No dia 27 de maio de 1999, Maria Bethânia começou a representar mais um ato de sua obra teatral. Naquele dia, estreava em São Paulo o espetáculo "A Força que Nunca Seca", em que a cantora percorria o interior do Brasil num trenzinho caipira que interligava as origens de seu canto, desde a estação inicial - uma explosiva parada no Teatro de Arena (RJ), em 1965, para substituir Nara Leão no espetáculo "Opinião", que projetaria Bethânia nacionalmente a partir de sua vigorosa interpretação de "Carcará" - até uma revigorante volta às origens baianas de Santo Amaro da Purificação, representada no roteiro pela inclusão da então inédita "Recôncavo". 

Nesta viagem interiorana e sentimental, Bethânia foi guiada em cena pelo diretor Fauzi Arap, um dos mais fiéis condutores do canto teatral da "Abelha Rainha". Fauzi é velho companheiro de coxia. Foi com a direção dele que Bethânia, em 1967, começou a construir a identidade cênica de sua carreira solo no show "Comigo me Desavim". A aplaudida viagem pelo interior do Brasil ainda percorre os palcos brasileiros, mas já está registrada para a posteridade neste CD duplo, gravado ao vivo em agosto, durante as três semanas da temporada carioca de "A Força que Nunca Seca", no Canecão.
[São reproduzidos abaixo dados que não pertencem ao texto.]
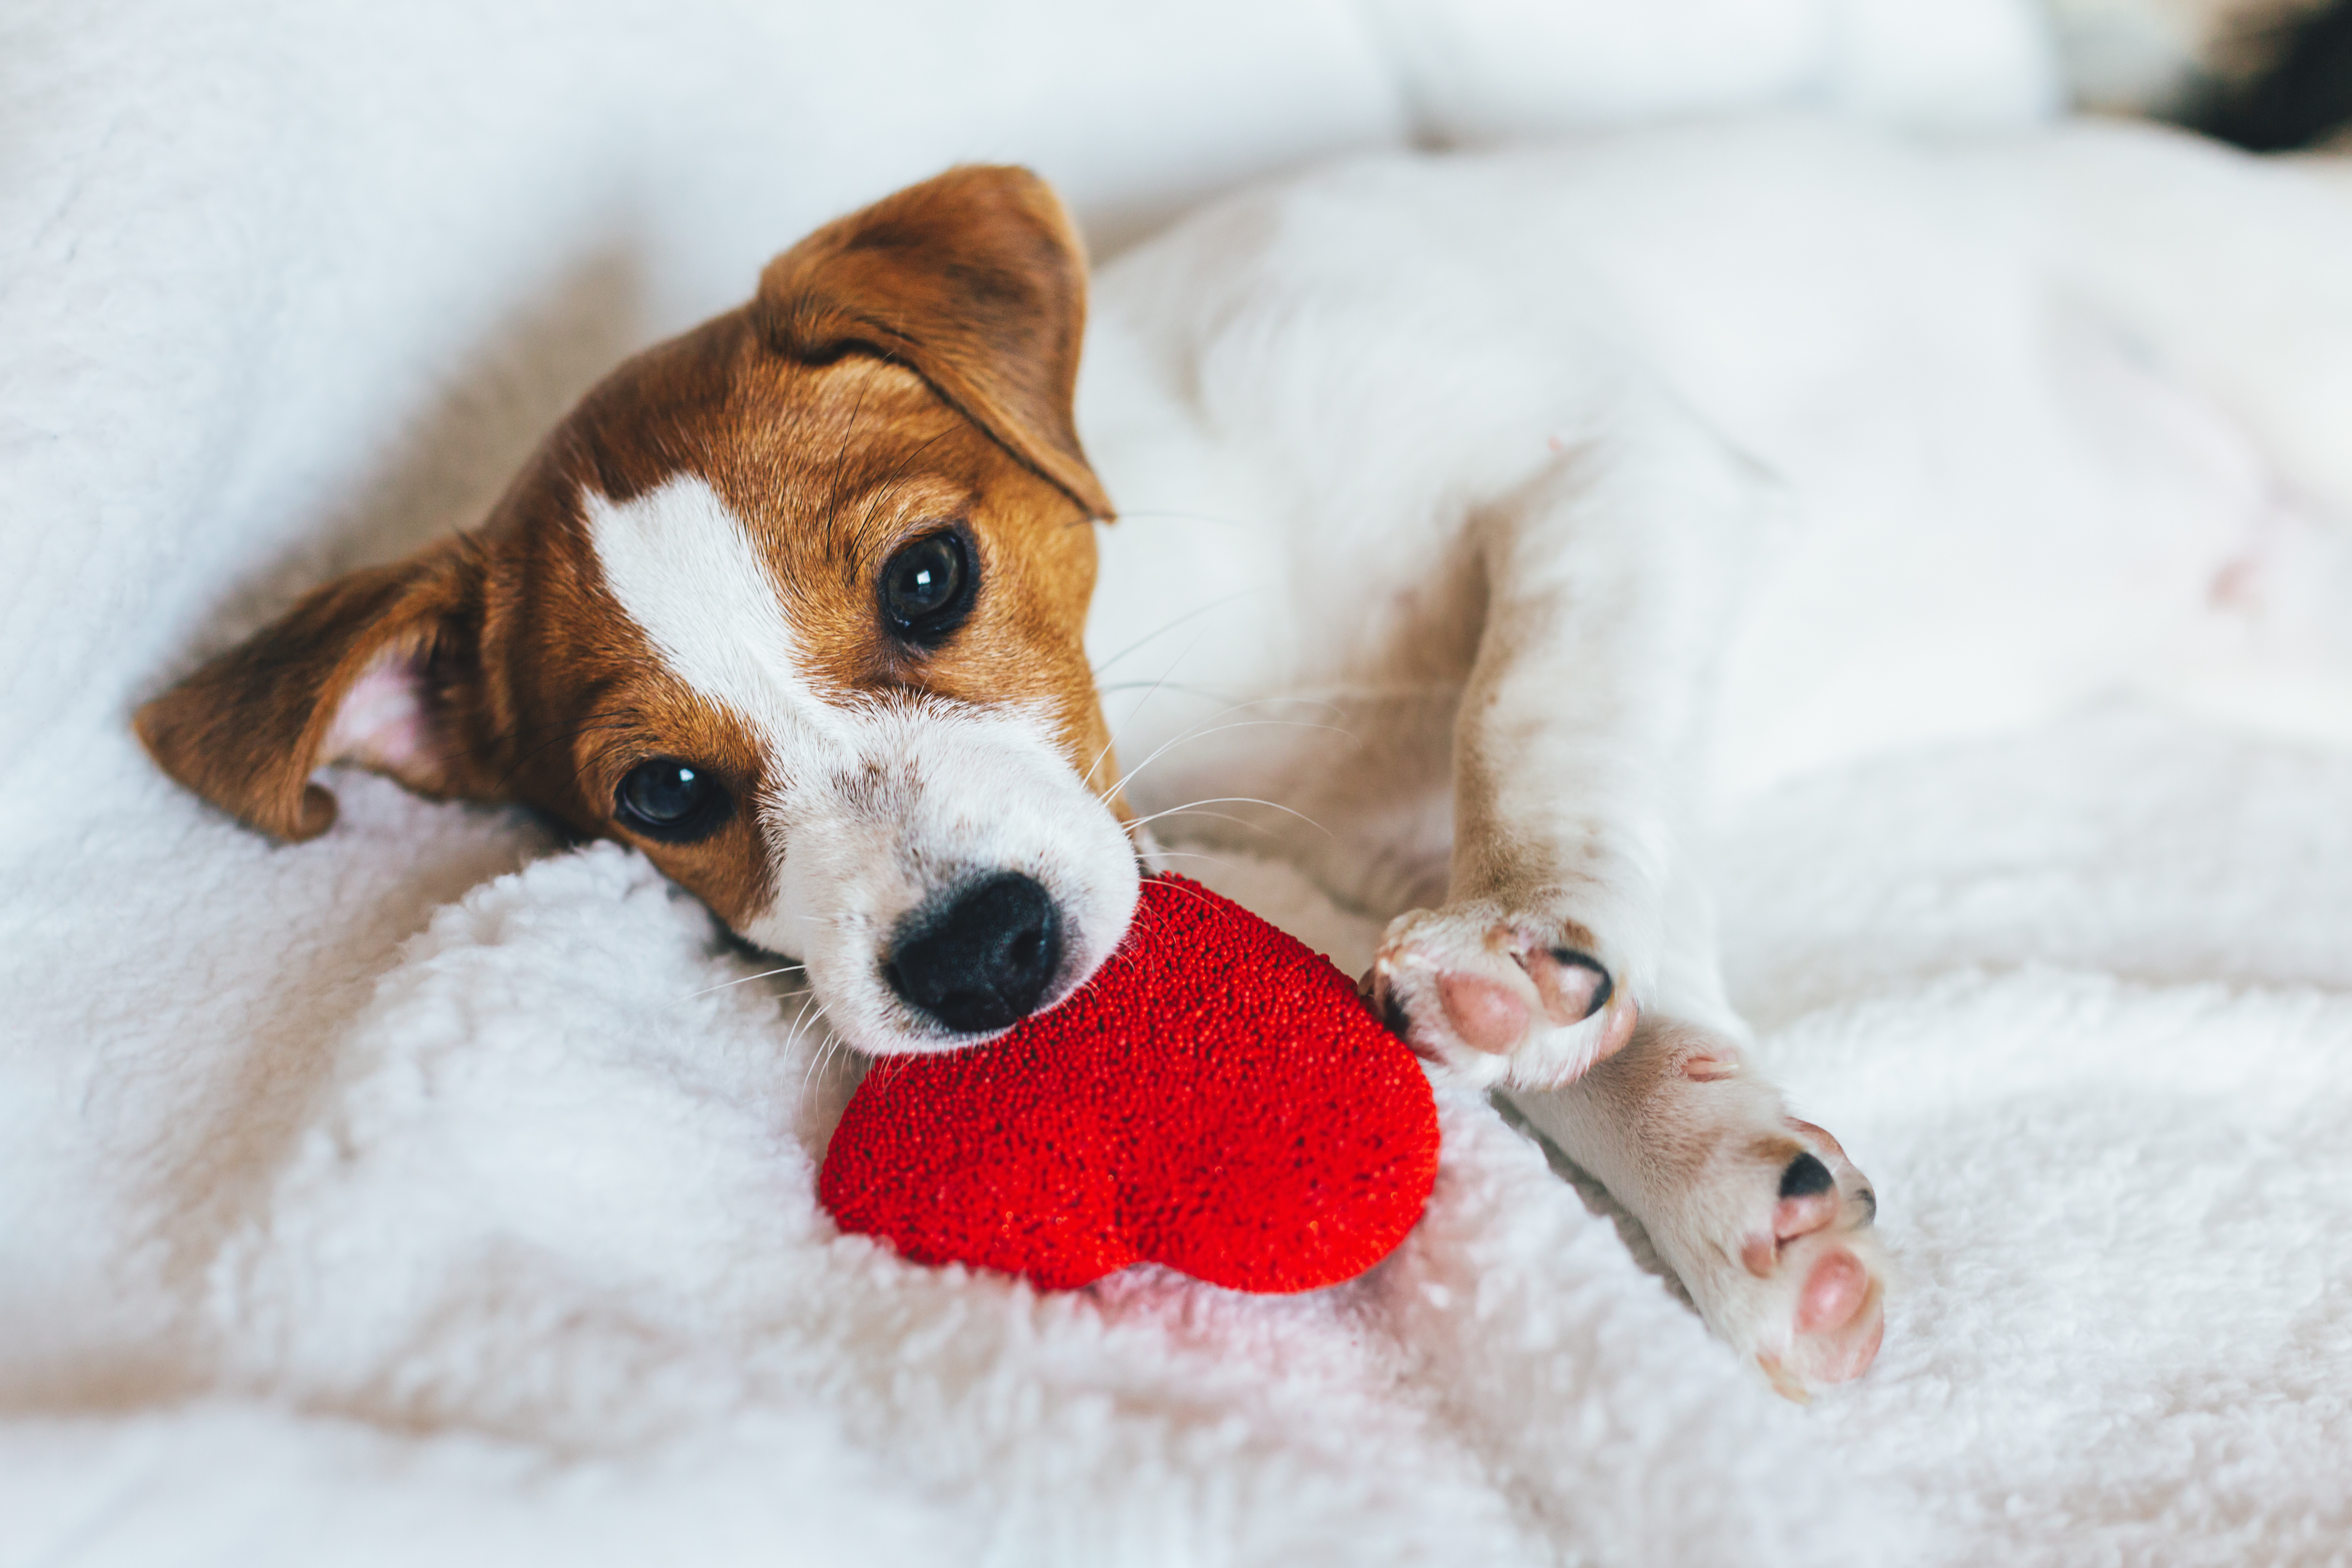 Heart Murmurs in Dogs

O disco traz a íntegra do show, em 27 faixas . 

É fim de século e de milênio. Momento revisionista que inunda o mercado de retrospectivos discos ao vivo. Não é o caso deste álbum de Bethânia. Por ser uma cantora essencialmente teatral (adjetivo que chega a soar óbvio de tanto que é associado ao seu canto), Bethânia precisa da cena. É no palco que exerce com plenitude e devoção o seu ofício. Logo, o disco ao vivo é uma necessidade de registrar os momentos máximos de sua trajetória. Necessidade preenchida desde 1968, quando Bethânia lançou o seu primeiro álbum fora dos estúdios, o antológico "Recital na Boite Barroco". Pois este novo trabalho - o décimo terceiro ao vivo de sua trajetória - vem-se somar à esta discografia repleta de chão. 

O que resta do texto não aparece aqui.